- **Task requirements**: The listing is to be repeated exactly, and its pictures are to be left out.
===== Given data =====
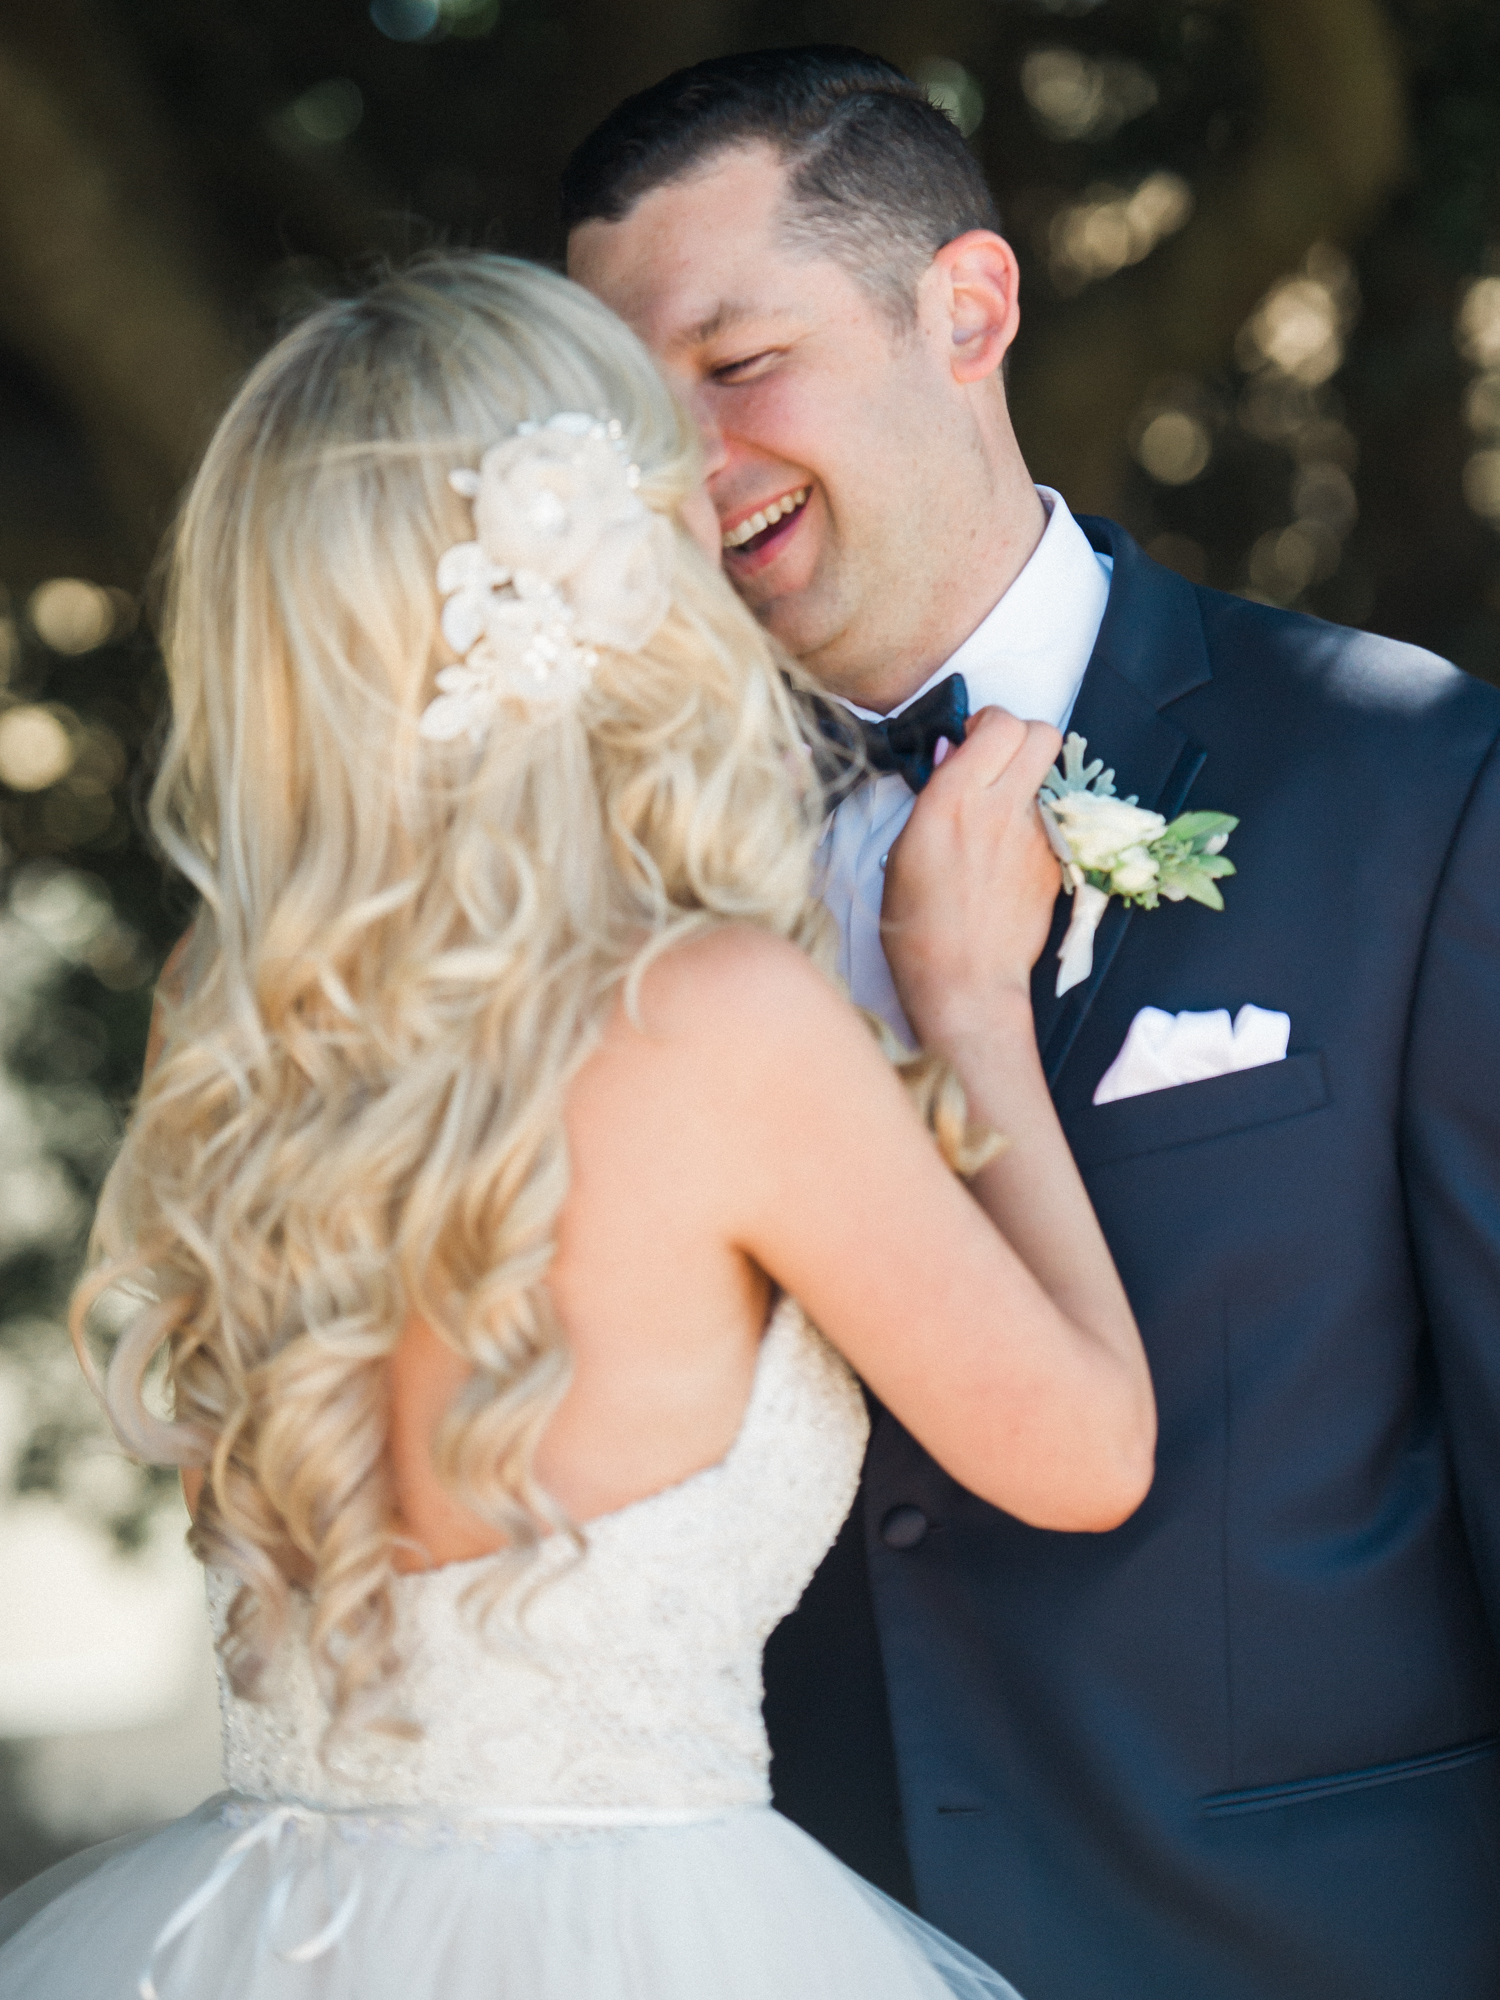 Aimee+Logan_wedding_spp-42.jpg
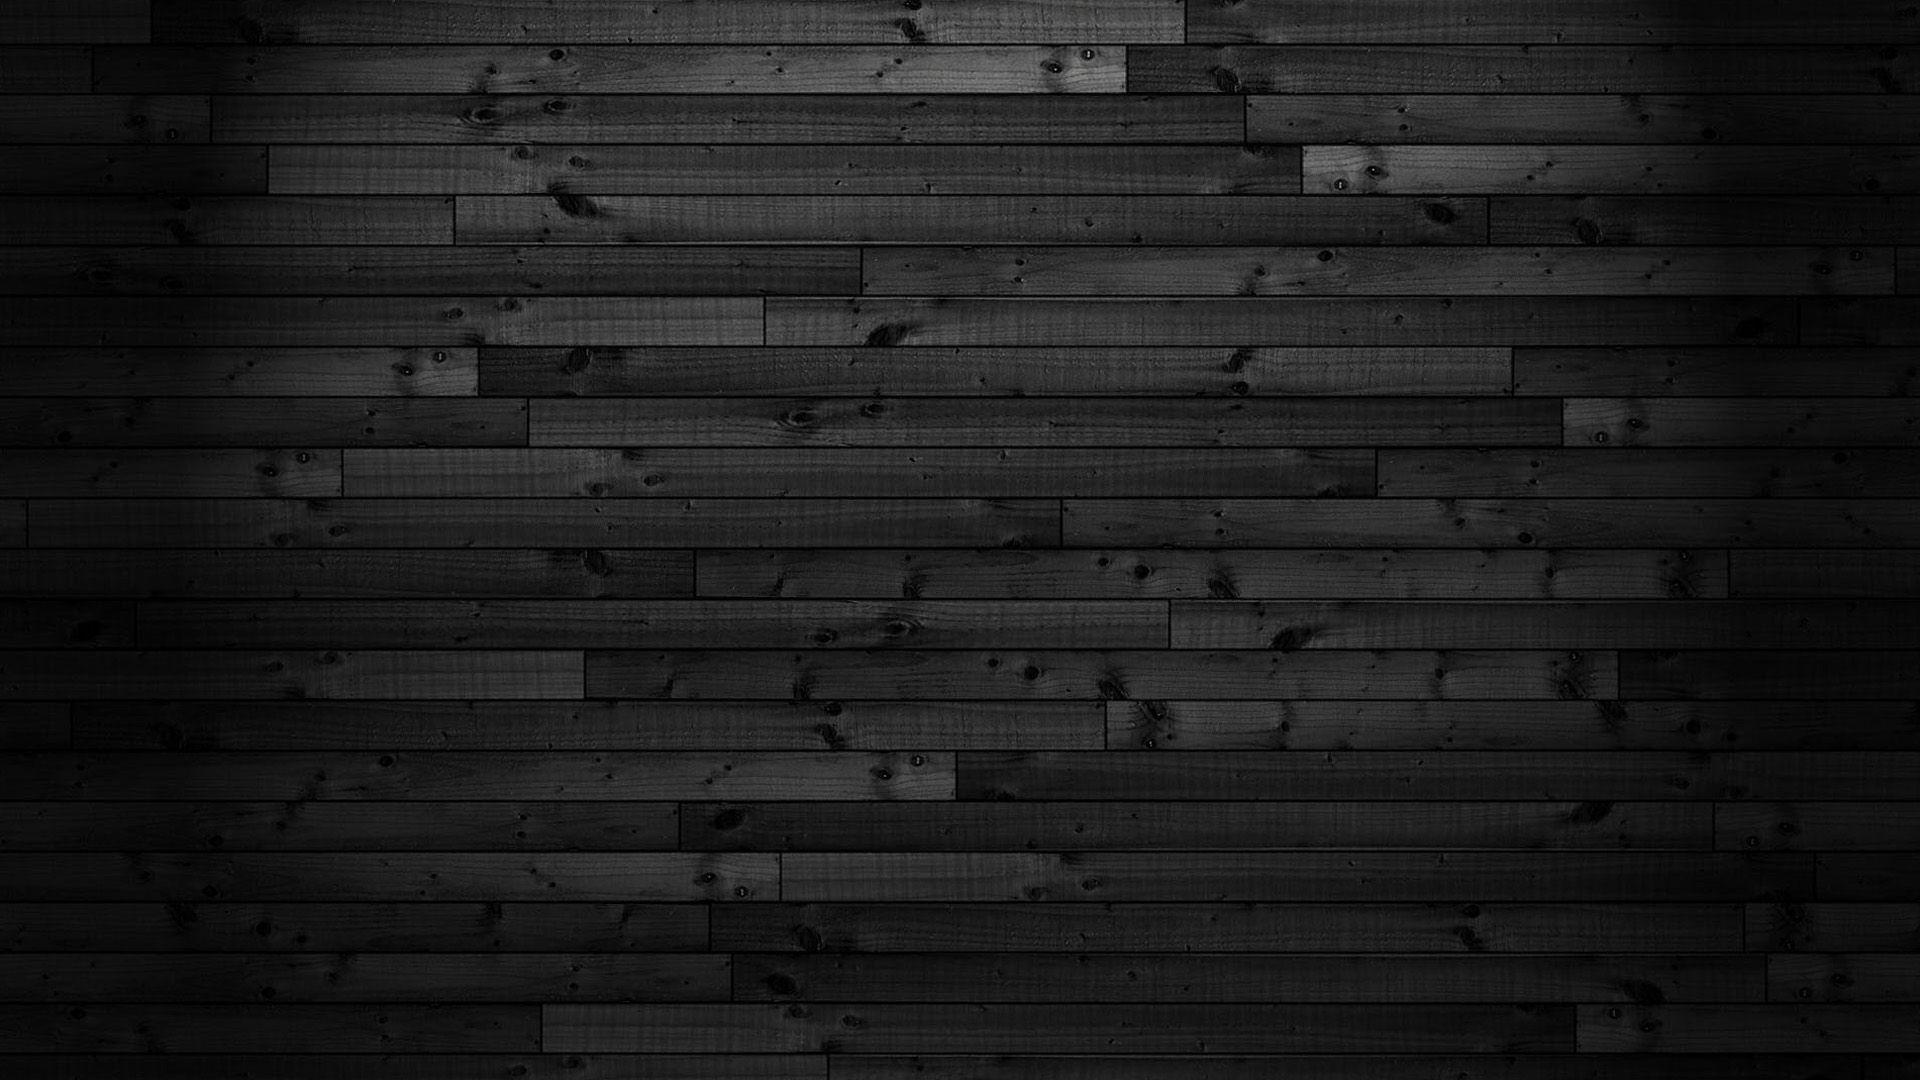 Black Wooden Wall Wallpapers Hd 19x1080 Jpg 19 1080
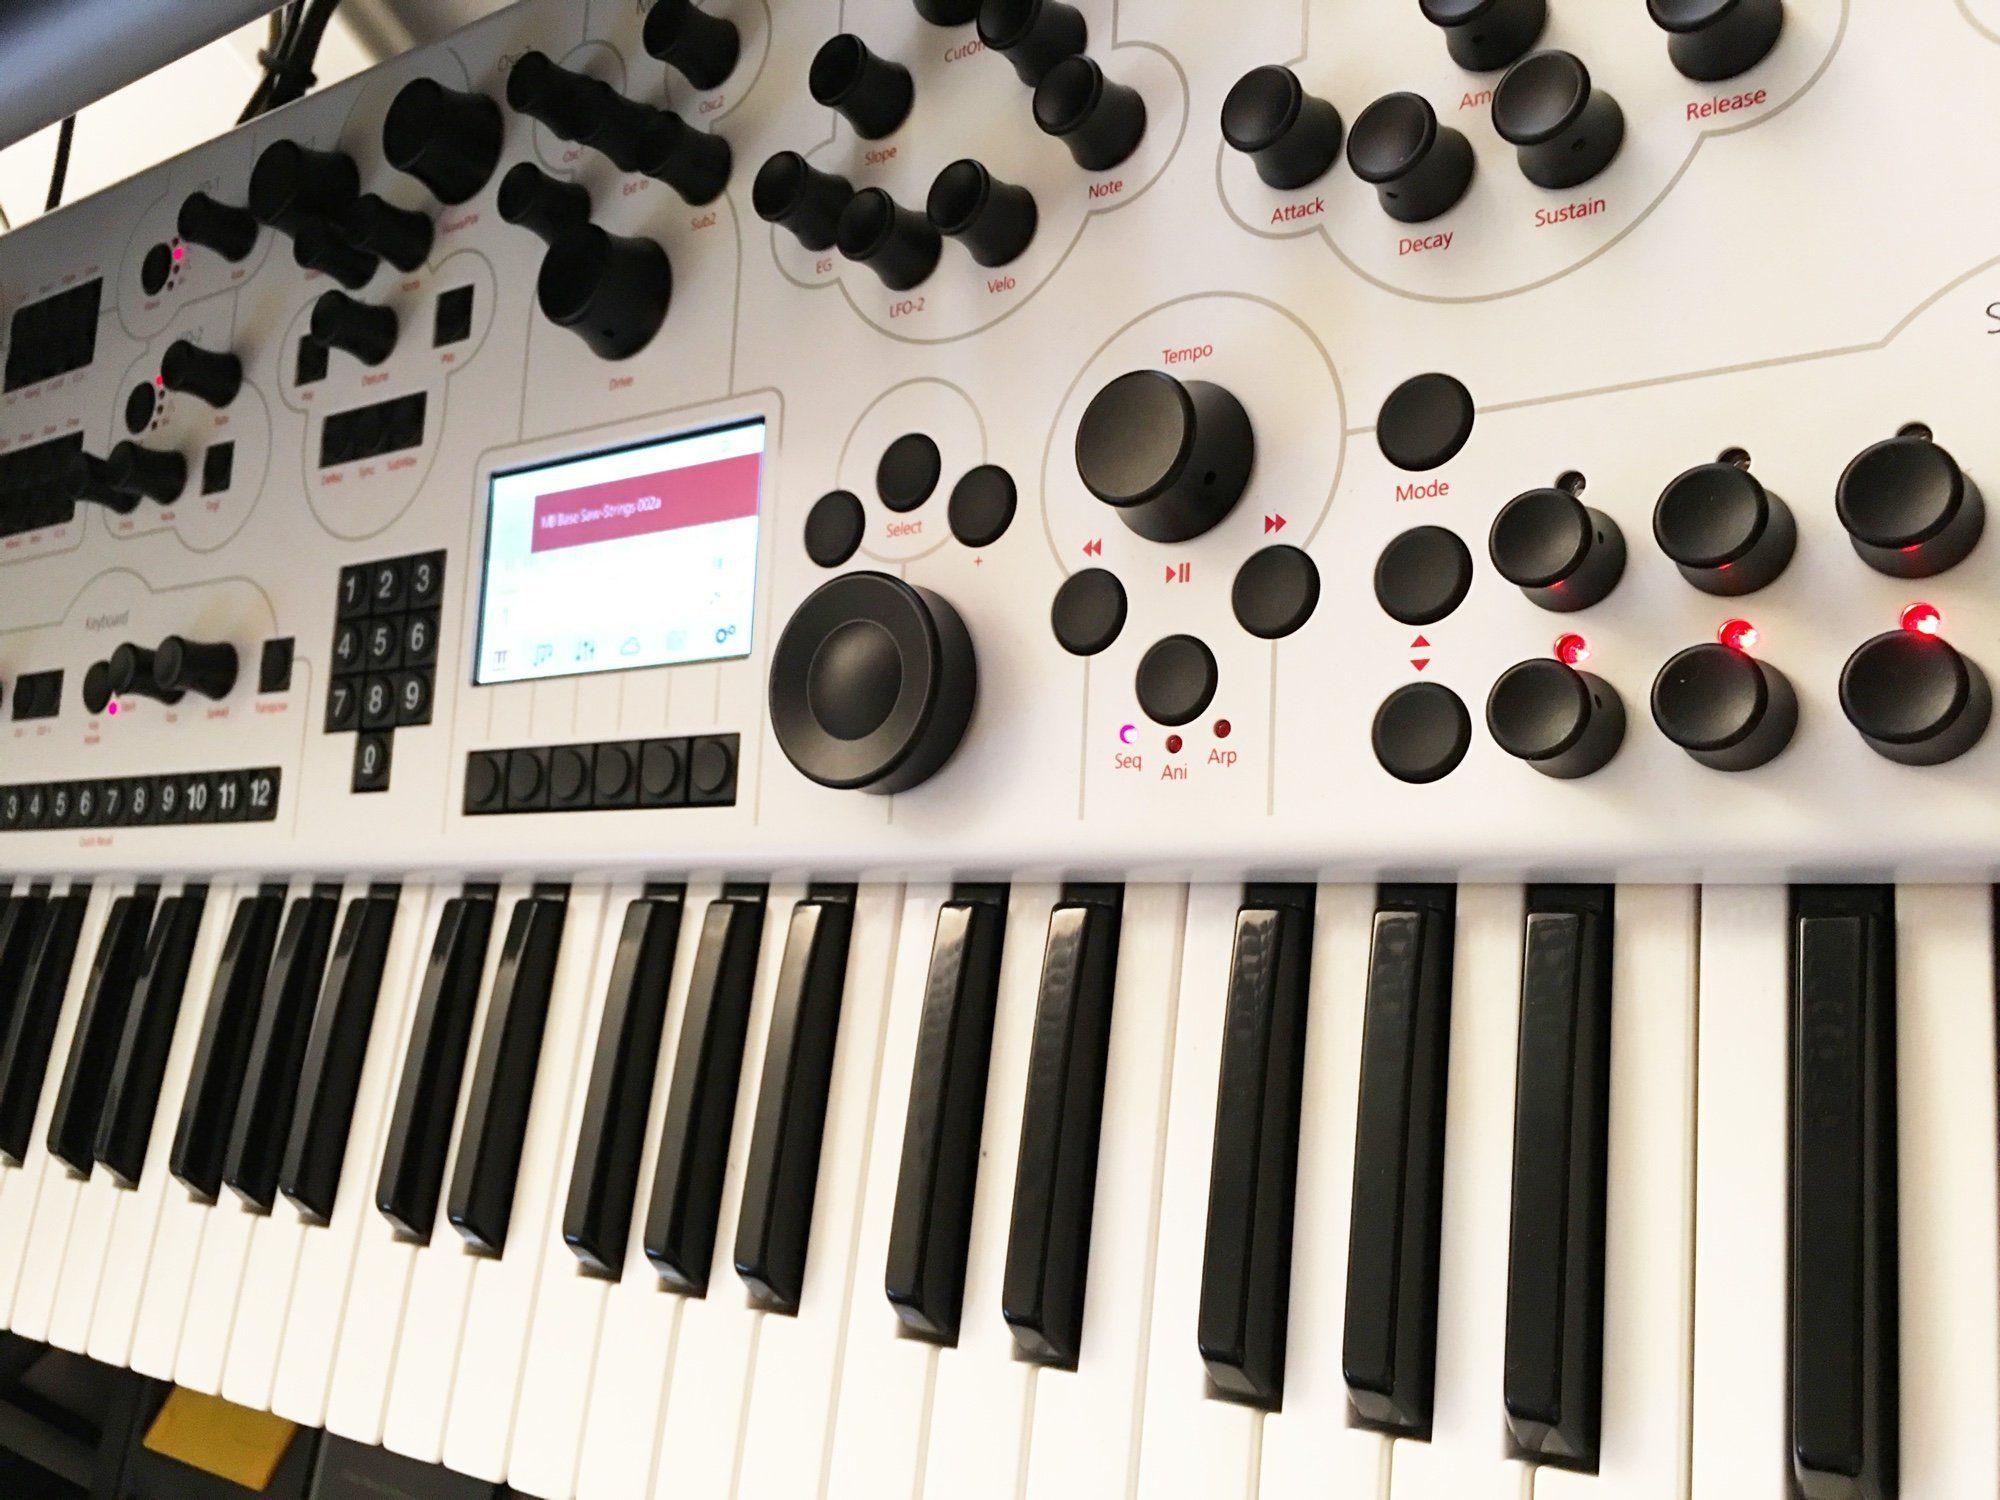 test modal electronics 002 hybrid synthesizer. Black Bedroom Furniture Sets. Home Design Ideas
=====
- **Reply to the exercise**:
 Aimee+Logan_wedding_spp-42.jpg
 Black Wooden Wall Wallpapers Hd 19x1080 Jpg 19 1080
 test modal electronics 002 hybrid synthesizer. Black Bedroom Furniture Sets. Home Design Ideas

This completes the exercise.